2. With the shape still active, select Shape Fill from the Drawing group under Home. Under Theme Colors, choose More Fill Colors, select a color from the color palette, then change the transparency to 35 percent. Select Shape Outline from the Drawing group under the Home tab (or right-click and choose the Outline icon from the Theme Colors popup menu and choose No Outline).


Create a shape and then add color, a gradient, or a pattern.

3. For this step, we’ll convert the circle to a sphere. Right-click the circle and select Format Shape from the shortcut menu. The Format Shape menu appears on the right. Under Shape Options, select the center button Effects, then scroll down to the 3D section, and click the Top Bevel button. Choose Circle (the first icon under Bevel), then set the Height and Width to 72 pts (which is one inch, or the radius of the circle).

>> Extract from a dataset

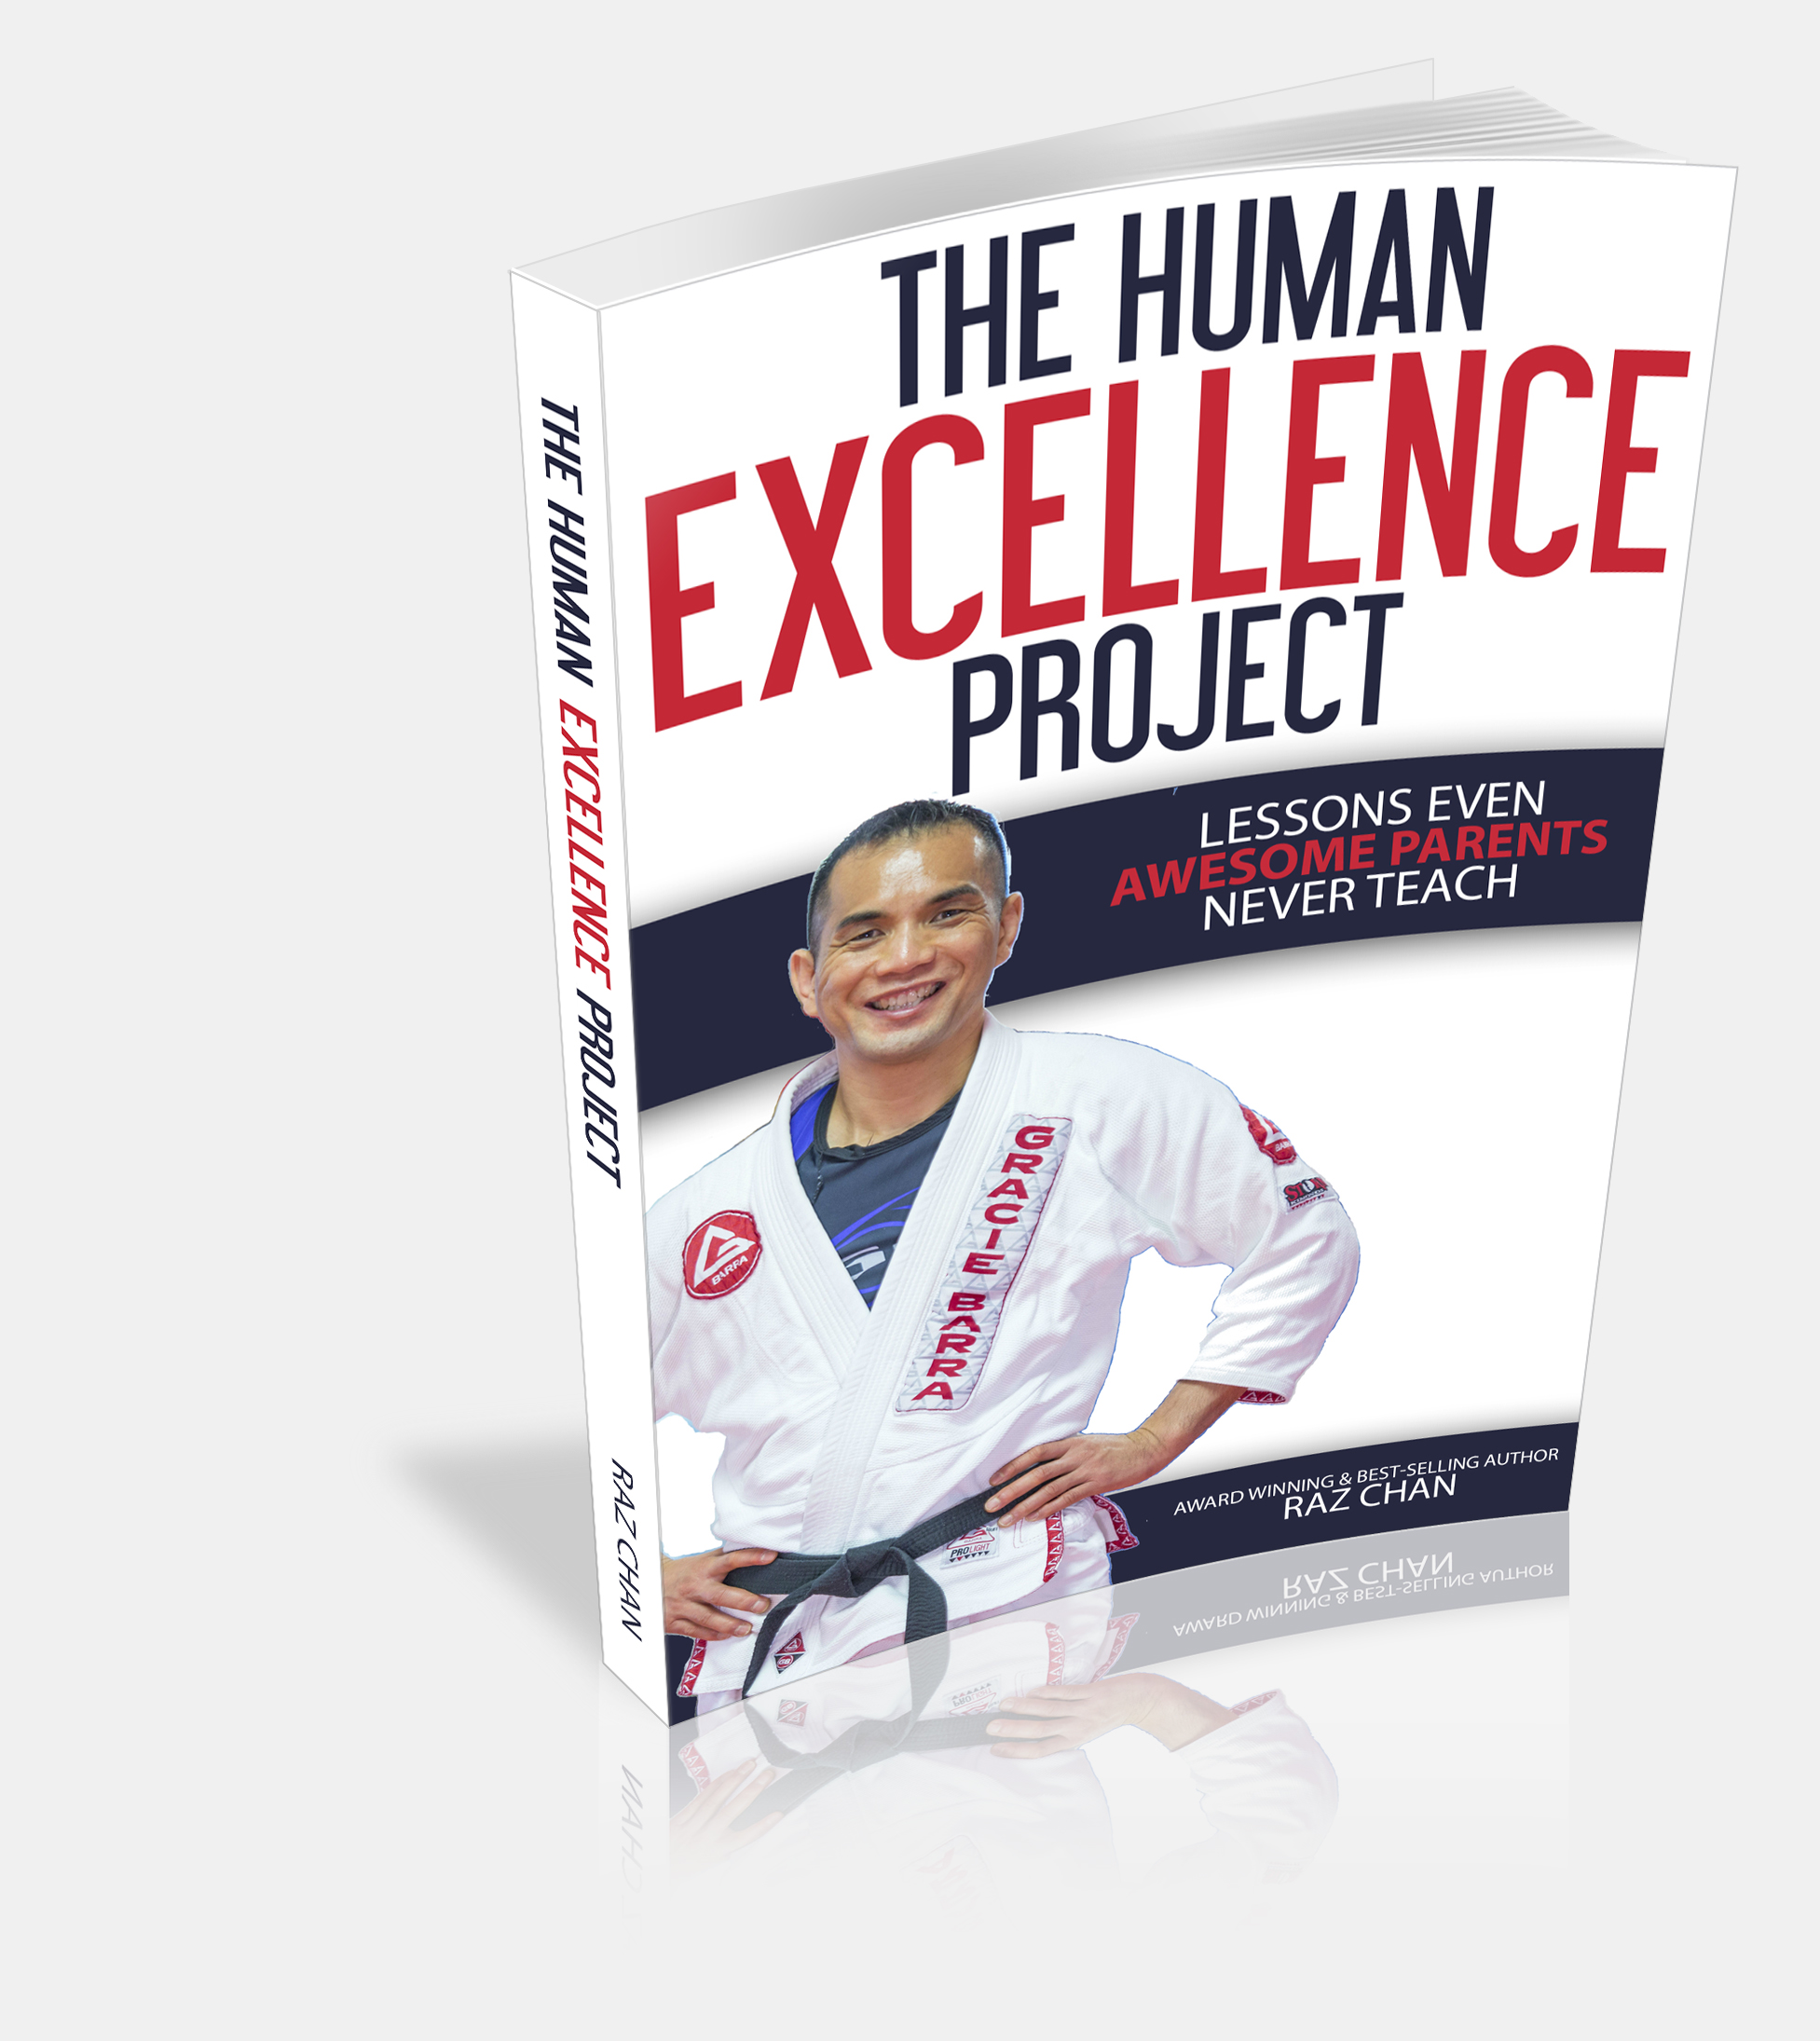 The Human Excellence Project book cover

4. Next, we’ll add material and lighting. With the sphere still selected, choose the Material button from the 3D section of the Format Shape menu and then select the Warm Matte icon under the Standard panel. Next, select the Lighting button and choose the Soft icon under the Neutral panel. Now you have a sphere with soft lighting and a matte finish.


Convert the shape to 3D, then add materials and lighting to make it look real.

5. Now, we’ll add some other cool effects: shadows, reflections, and glow. Insert a new slide. Copy the pink sphere from the previous slide to the new slide, then paste it three times. Right-click the first sphere, select the Format tab, then choose Shape Effects under the Shape Styles group (or right-click the sphere and select Format Shape from the Shortcut menu).

6. Under Shape Options, select the center button Effects, then scroll down to the Shadow section and click the Presets button. Here you can choose a preset shadow from one of the buttons displayed—in this case, select the Offset Diagonal Bottom Right icon under the Outer panel. Notice this option’s features are now displayed under the Presets button. You can play around with these settings or leave the shadow as-is.

7. Right-click the second sphere and select Format Shape from the shortcut menu to add a reflection. Under Shape Options, select the center button Effects, then scroll down to the Reflection section and click the Presets button. Choose a preset reflection from one of the buttons displayed—in this case, the Half Reflection, Touching icon under the Reflection Variations panel. Notice this option’s features are now displayed under the Presets button. These settings, too, are adjustable to your preference.

8. For a glowing sphere, right-click the third sphere and select Format Shape from the Shortcut menu. Under Shape Options, select the center button Effects, then scroll down to the Glow section and click the Presets button. Choose the second icon on the fourth row under the Glow Variations panel (Orange, 18 pt Glow, Accent Color 2). 


Add shadows, reflections, or glow to give the shapes character.

That looked awful, so we changed it. In this option’s features under the Presets button, change the color to pale pink, change the size to 100 pt, and the transparency to 70 percent. Easy.